For several years now, Texas has struggled with finding sufficient licensed placements for children in foster care. The ongoing crisis has led to a decade-long federal lawsuit that found the Texas Department of Family and Protective Services (DFPS) failed to protect children in foster care from “an unreasonable risk of harm.” Overseeing the case is U.S. District Judge Janis Jack who appointed two court monitors in 2016 to oversee foster care providers and report on safety concerns raised in the case. Most recently, the Health and Human Services Commission (HHSC), DFPS, and the plaintiffs agreed to meet and discuss new recommendations.
How Did We Get Here?
Following the court’s ruling in September, the State and plaintiffs agreed to seek nonbinding recommendations from three neutral experts to help alleviate the crisis of children without placement in Texas. Those recommendations were due to the court on Dec. 15, 2021, but were not made public until a court hearing on Jan. 11, 2022. The expert panel recommended 23 different strategies to help alleviate the challenge of children in unlicensed facilities, some meant to offer short-term relief and some to create long-term systemic changes to prevent this type of crisis from happening again. Many of the recommendations related to taking advantage of federal funding, improving mental health services and better supporting families to care for high-needs children in foster care.
The hearing on Jan. 11 focused on both the recommendations from the expert panelists and another report from the federal court monitors. When it came to discussing the monitors’ report, Judge Jack focused on aspects of the report that highlighted some tragic situations happening in out-of-state placements. At the end of the hearing, she ordered HHSC and DFPS to develop a plan to address each of the panel’s recommendations within 90 days.
A few days after the hearing, DFPS issued a Foster Care Litigation Status Report, which provided updates on their compliance with each of the Court’s remedial orders. The 55-page report goes into detail about the Department’s progress and provides an overview of all of the policy and practice improvements they have made since the Court’s initial ruling in 2015.

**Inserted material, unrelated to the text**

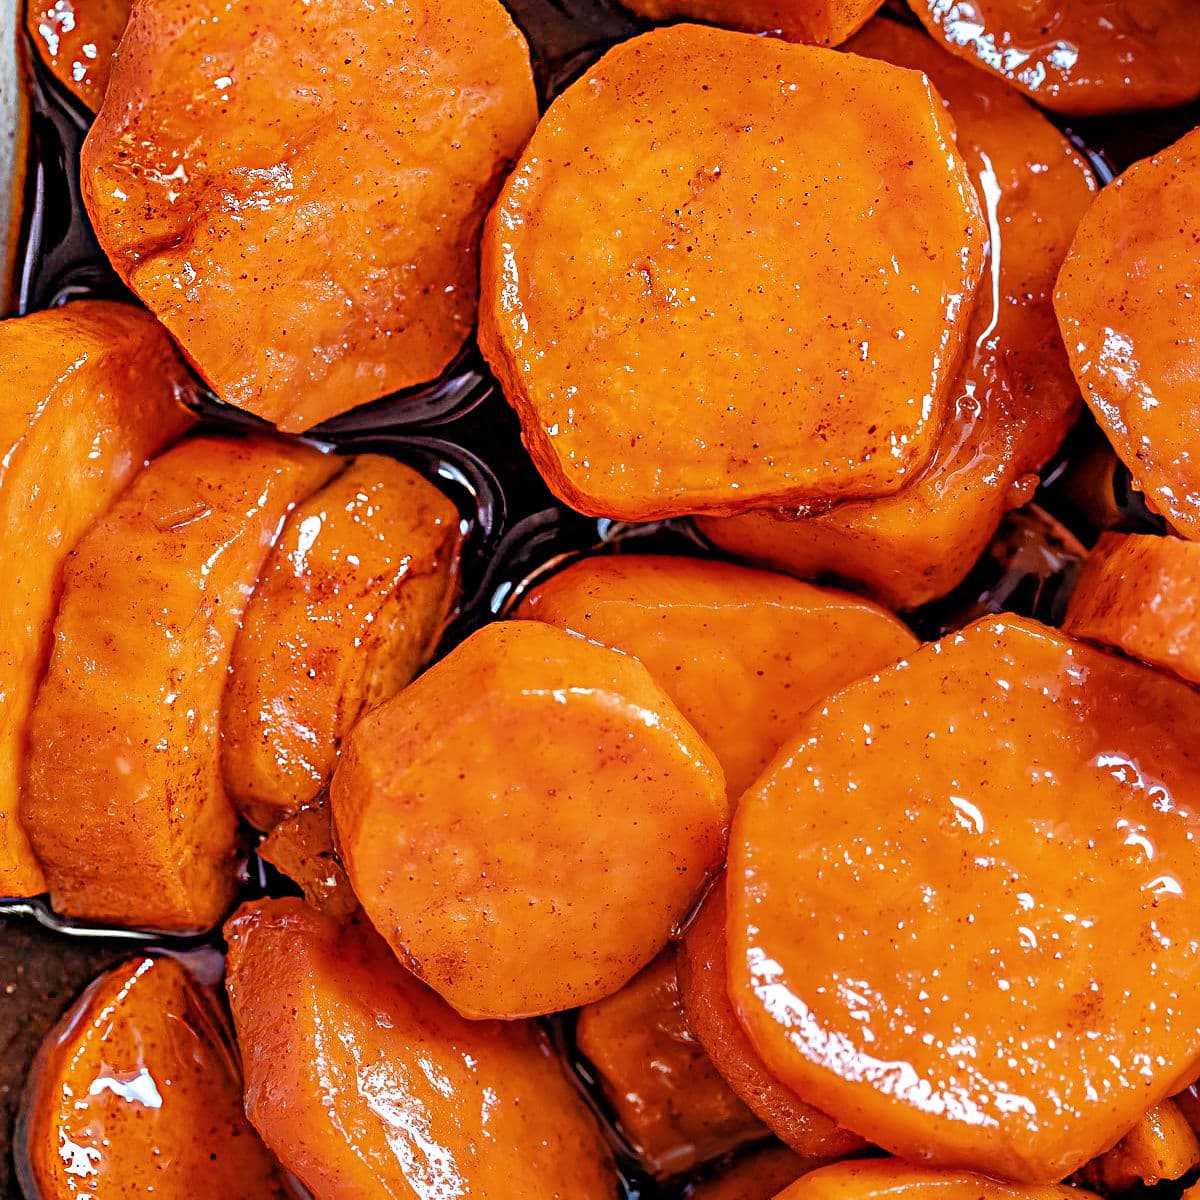 https://www.momontimeout.com/wp-content/uploads/2020/11/candied-yams-recipe-squared.jpg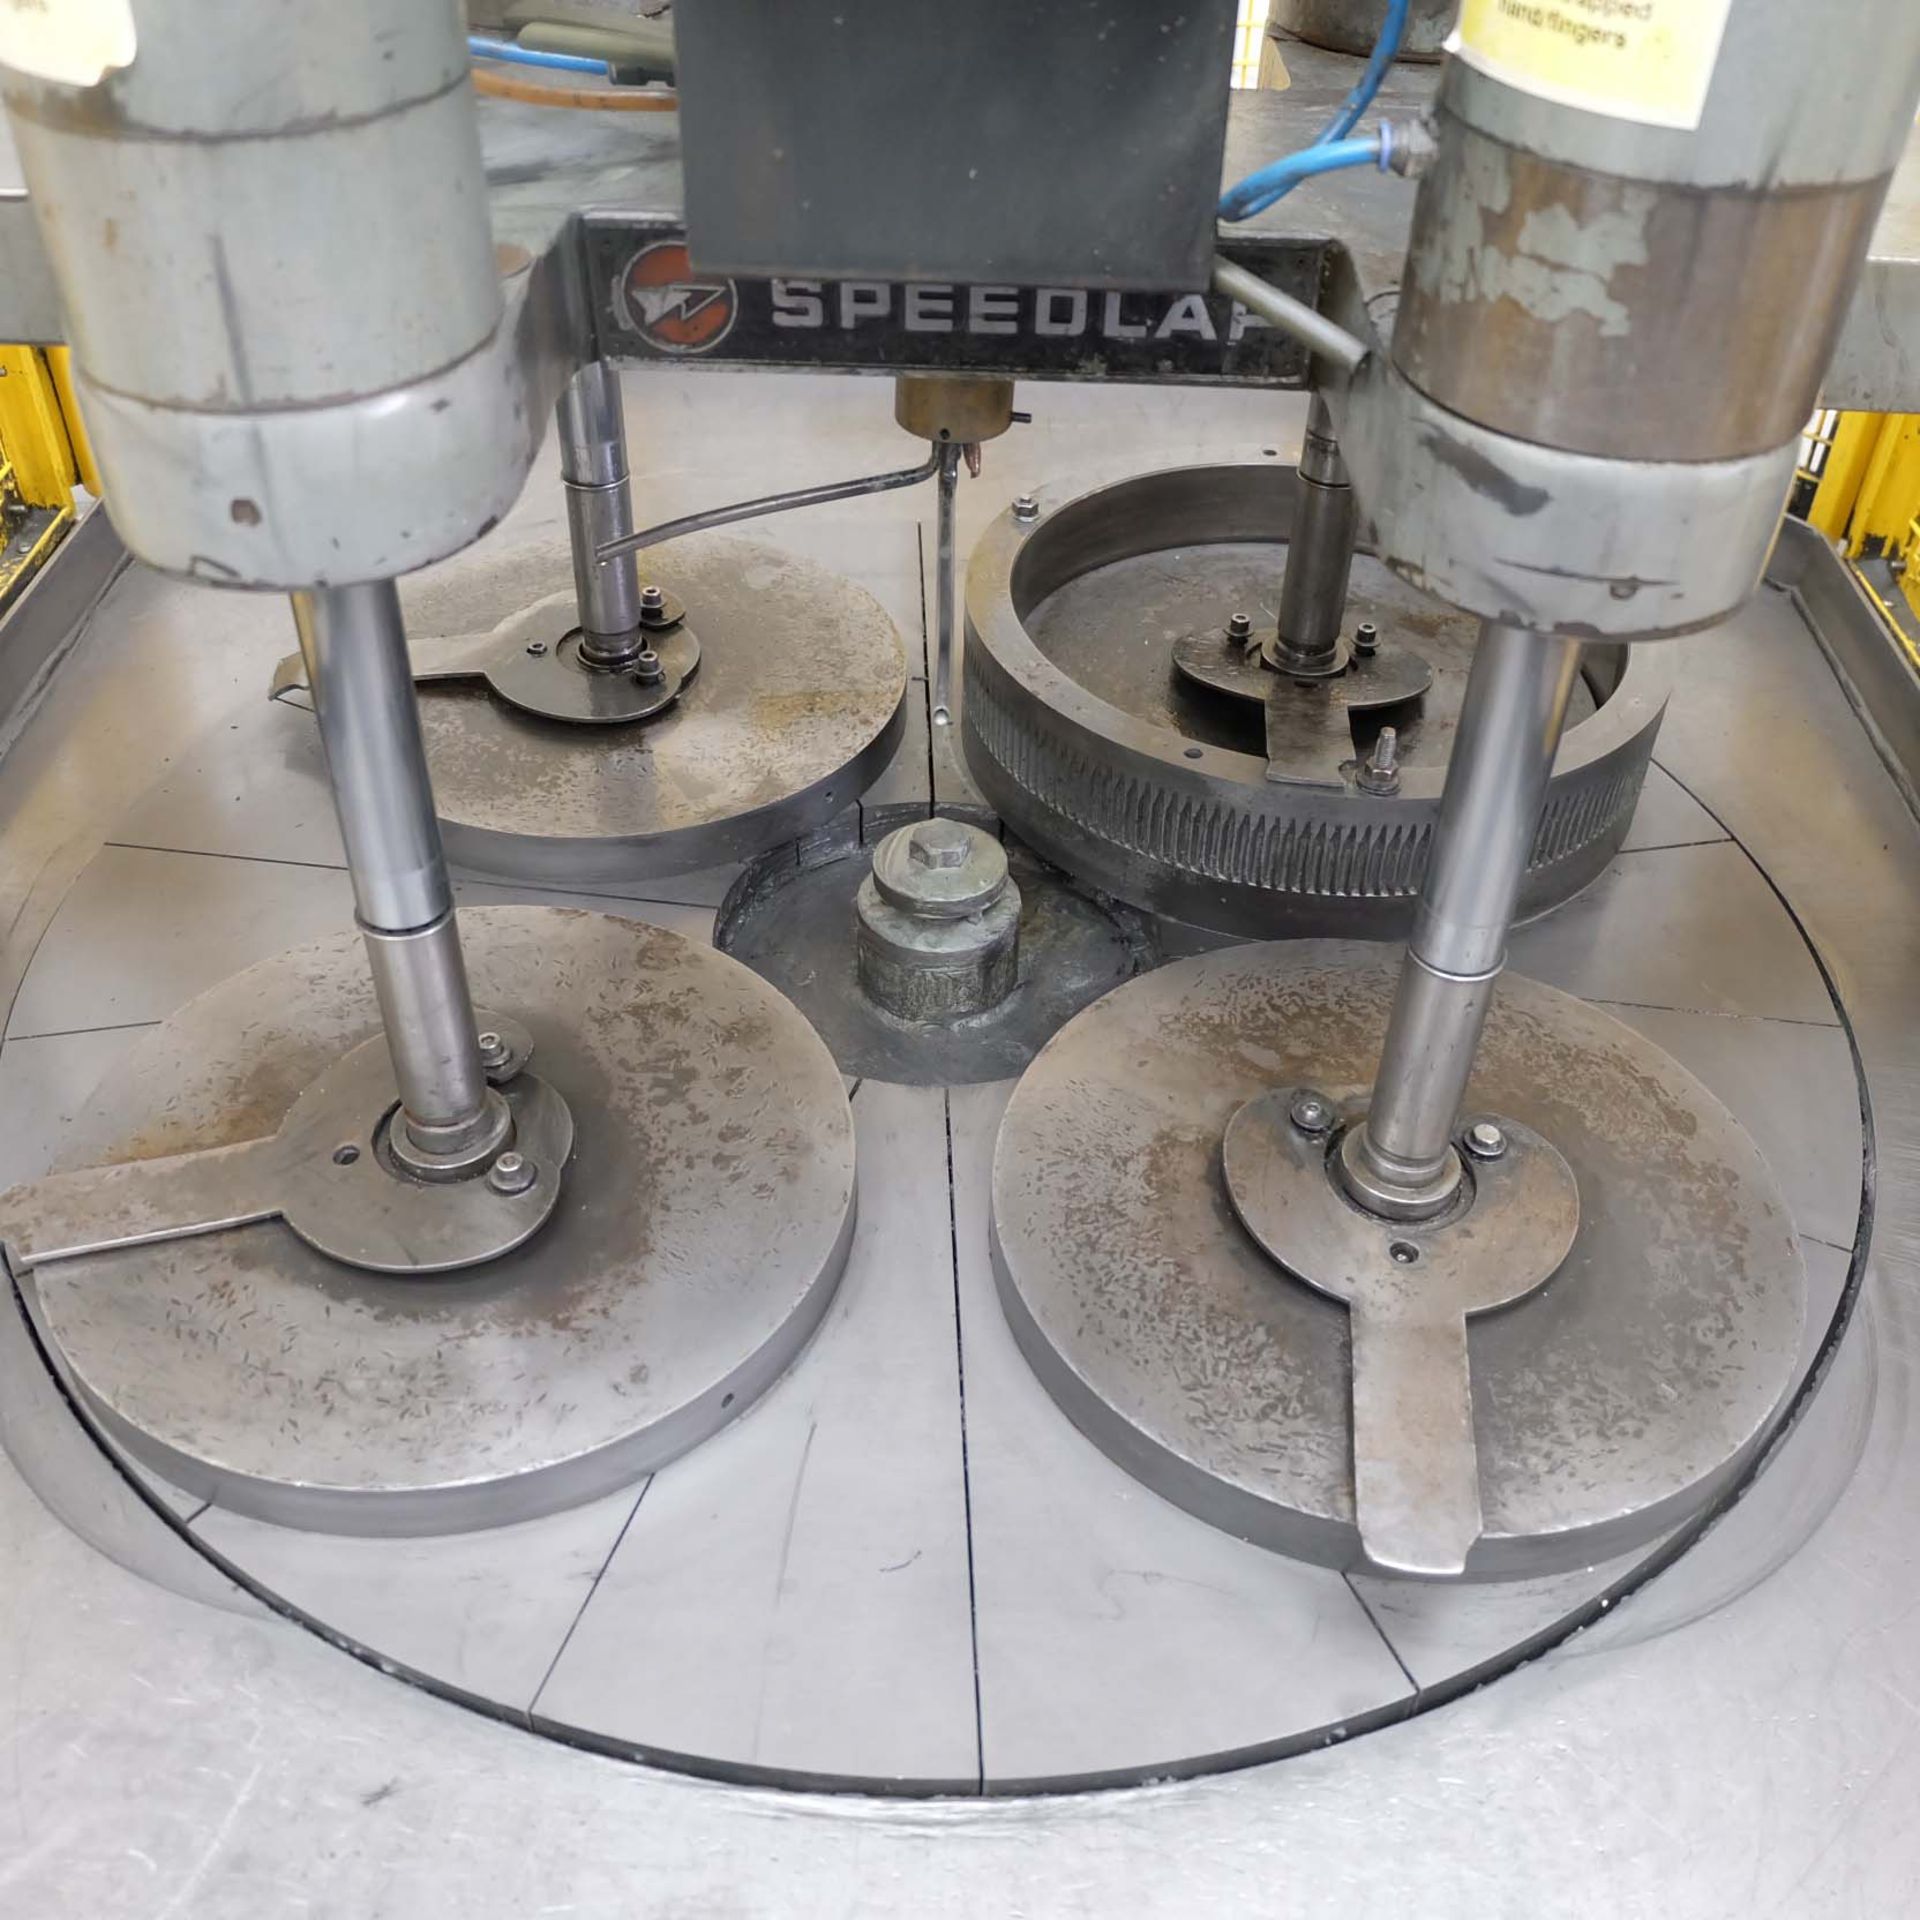 Speedfam Model Speedlap 32 Rotary Table Lapping Machine With Four Pneumatic Power Hold Downs. Table - Image 4 of 9

What’s the Latest Development in the Lawsuit?
On Feb. 11, 2022, DFPS and HHSC filed a joint response to each of the 23 expert panel recommendations. The agencies agreed to move forward with implementing the majority of the panel’s recommendations, including creating an interagency team to oversee plans to address the children without placement crisis. The agencies also identified which recommendations they cannot immediately address, but hope to when they receive the appropriate legislative authority or funding.
Texas CASA commends HHSC and DFPS in their efforts to comply with the court’s remedial orders and their willingness to implement the expert panel’s recommendations. Texas CASA will continue to monitor the federal lawsuit support providers, HHSC and DFPS in their efforts to improve the child welfare system in Texas.